» Information provided:
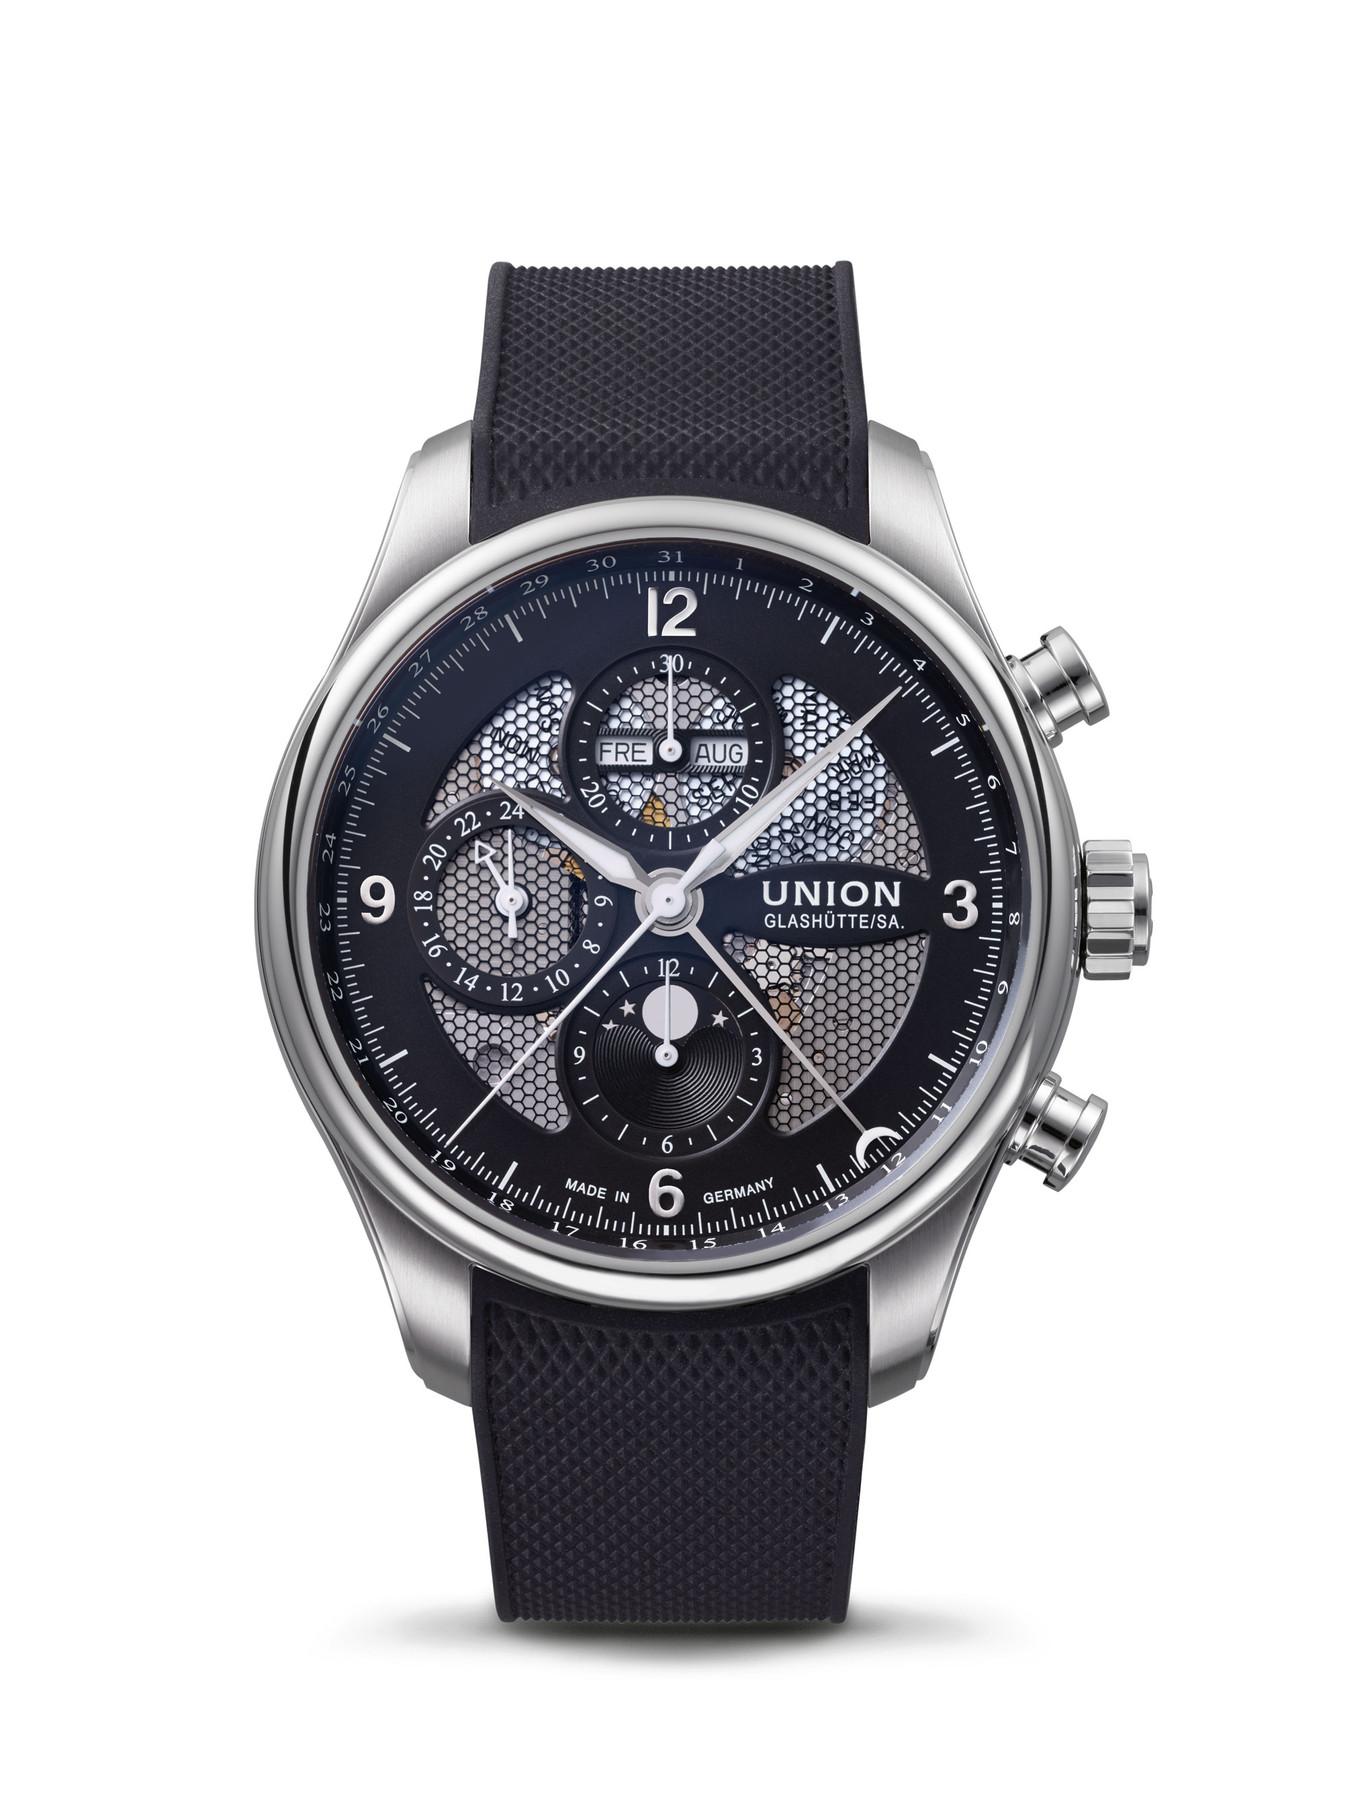 Union Glashütte Belisar Chronograph Mondphase D009.425.17.057.00 | D0094251705700
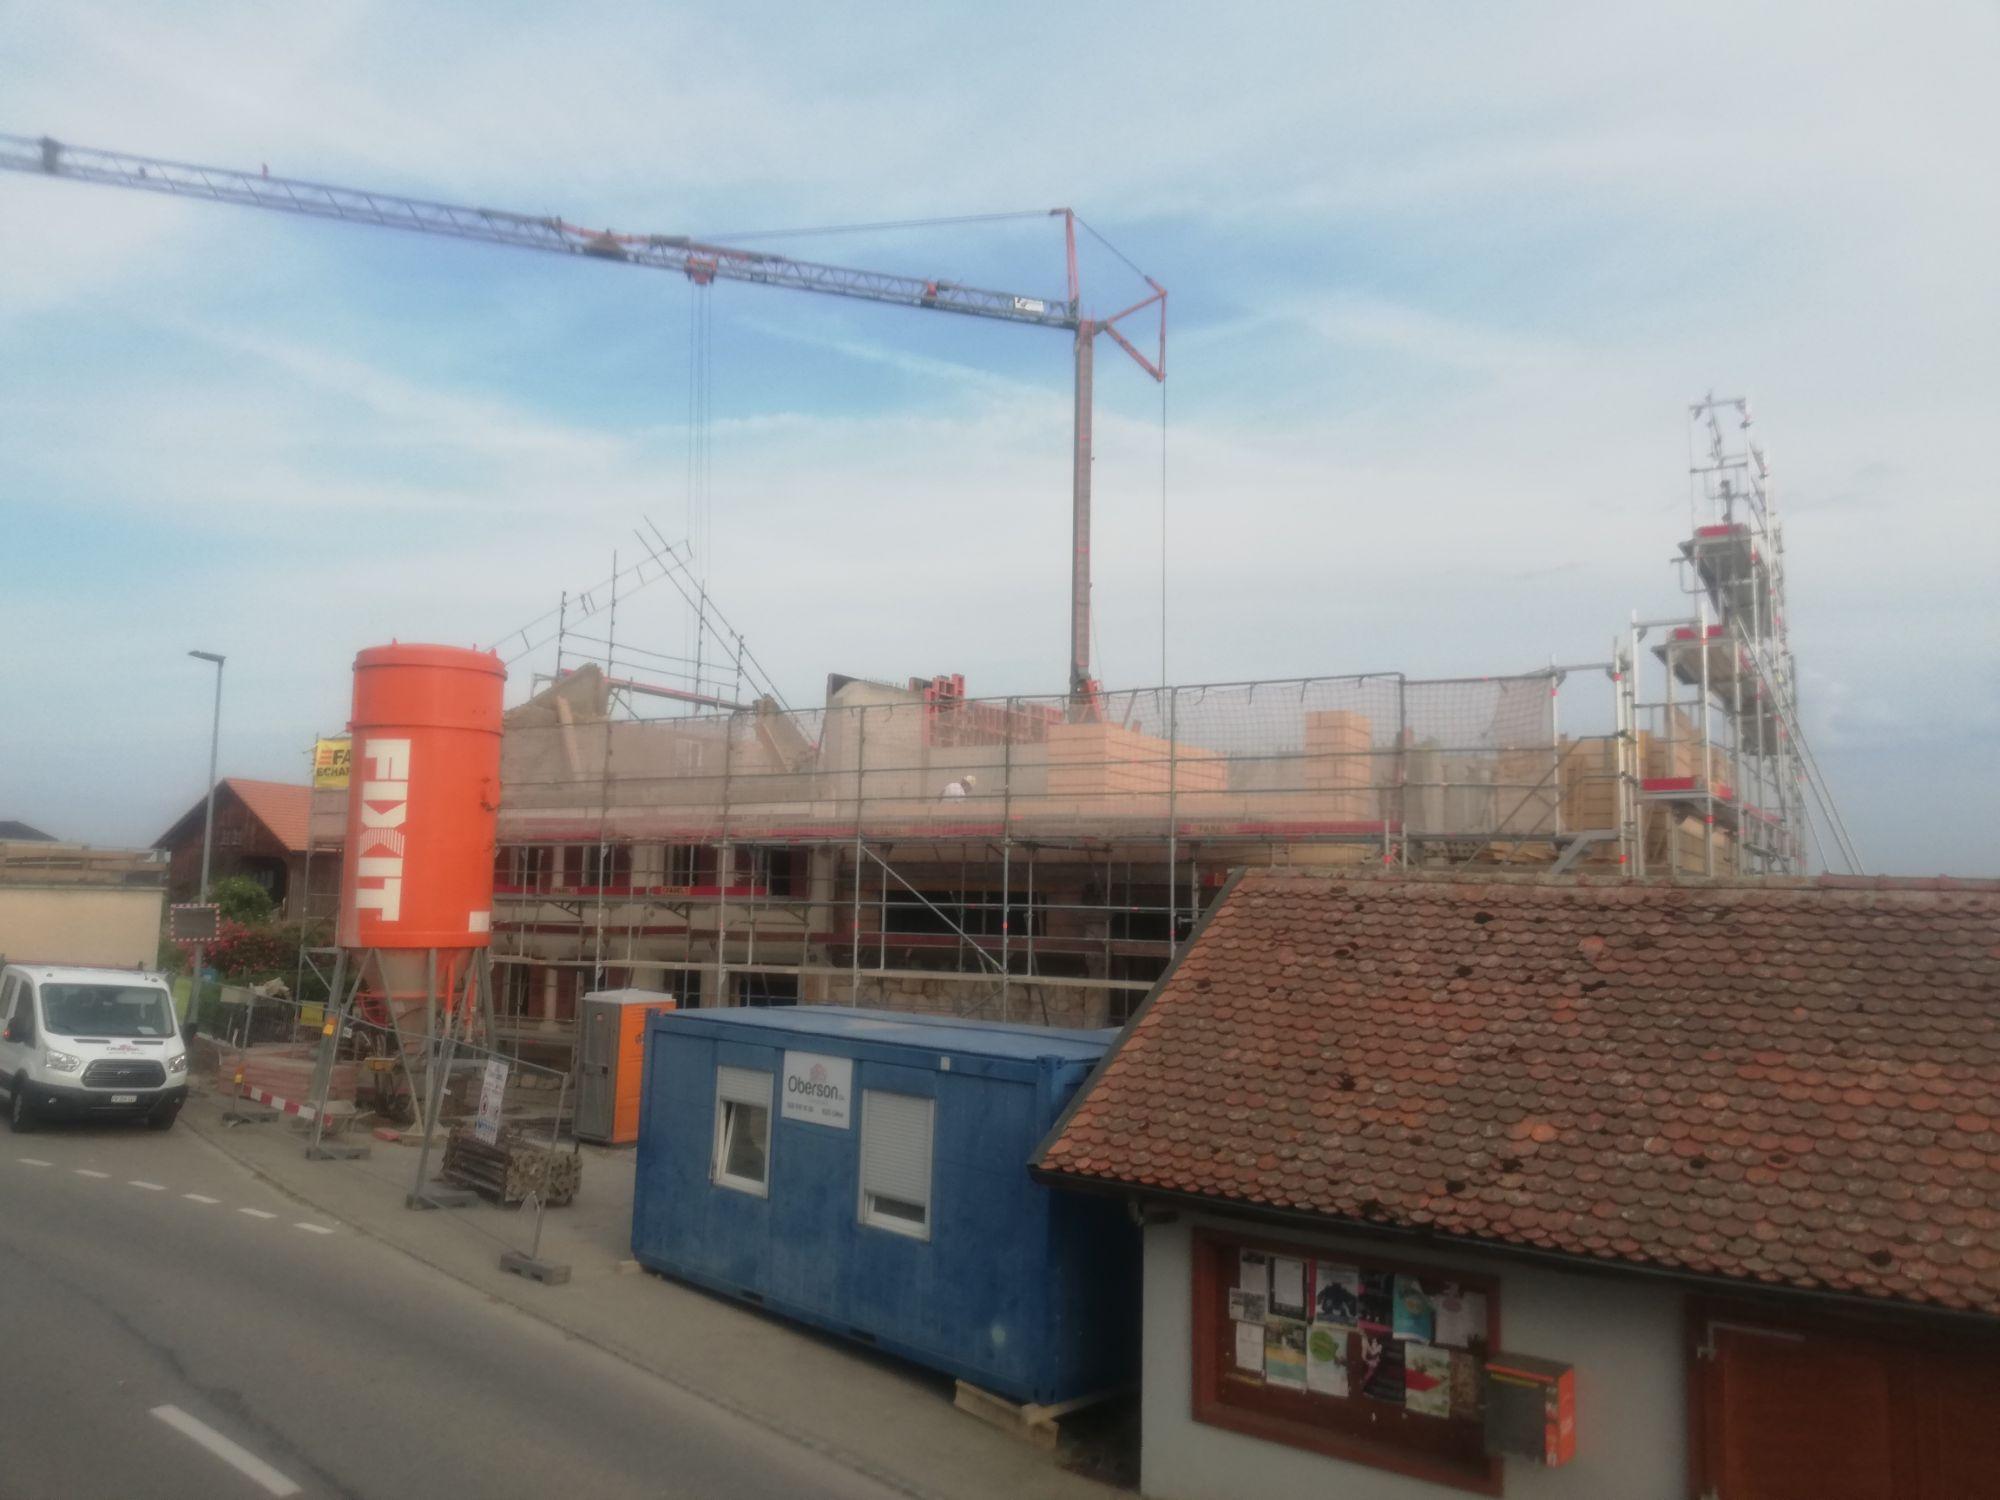 Villarimboud
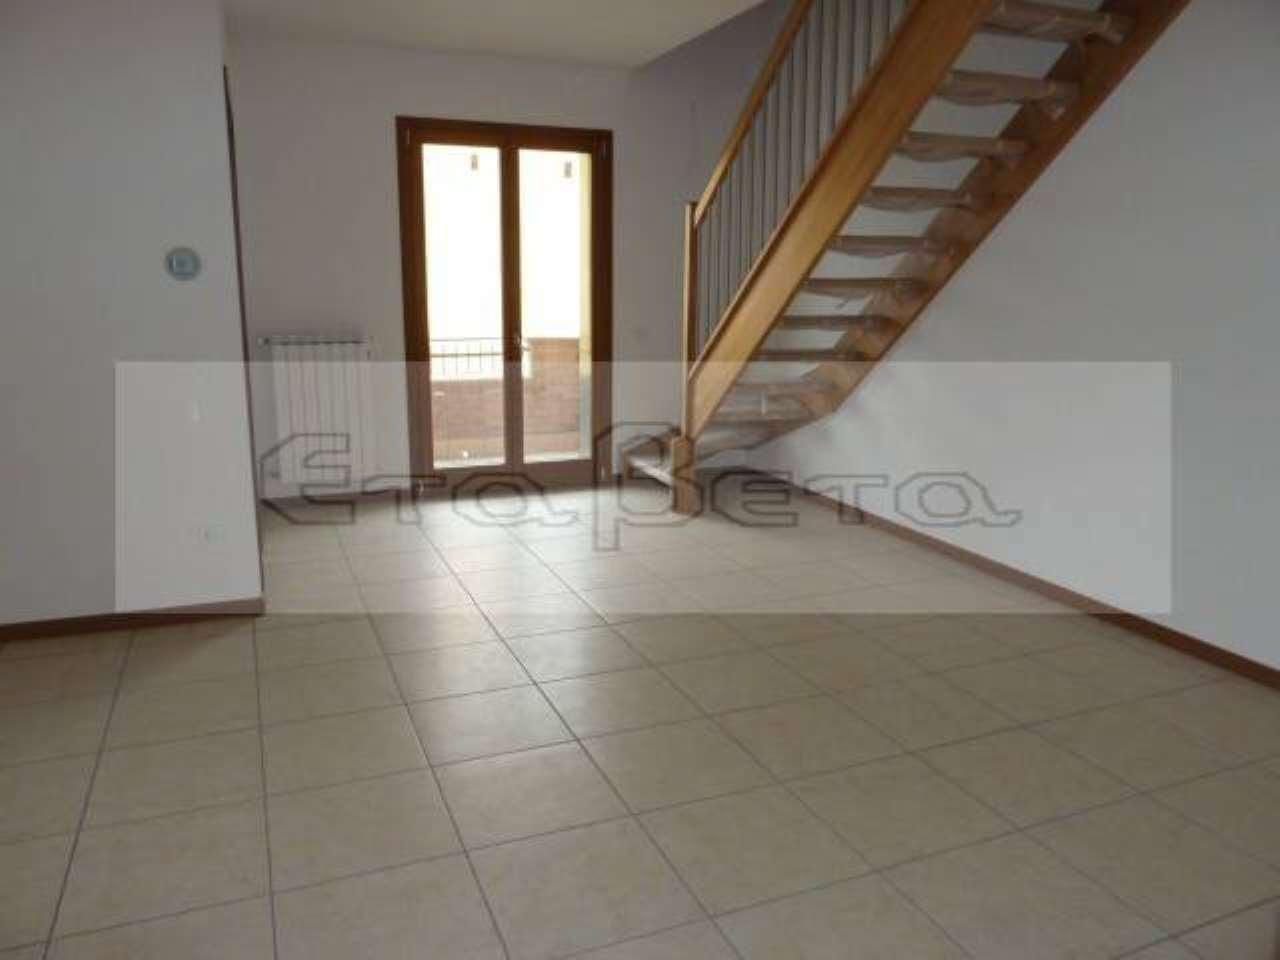 Appartamento in ottime condizioni in vendita Rif. 6817549

» Work request: Please give again, word for word, the lines from the one containing "Villarimboud" through the last line of the listing above, inclusive, and leave out pictures.

» Output for this exercise:
 Villarimboud
 Appartamento in ottime condizioni in vendita Rif. 6817549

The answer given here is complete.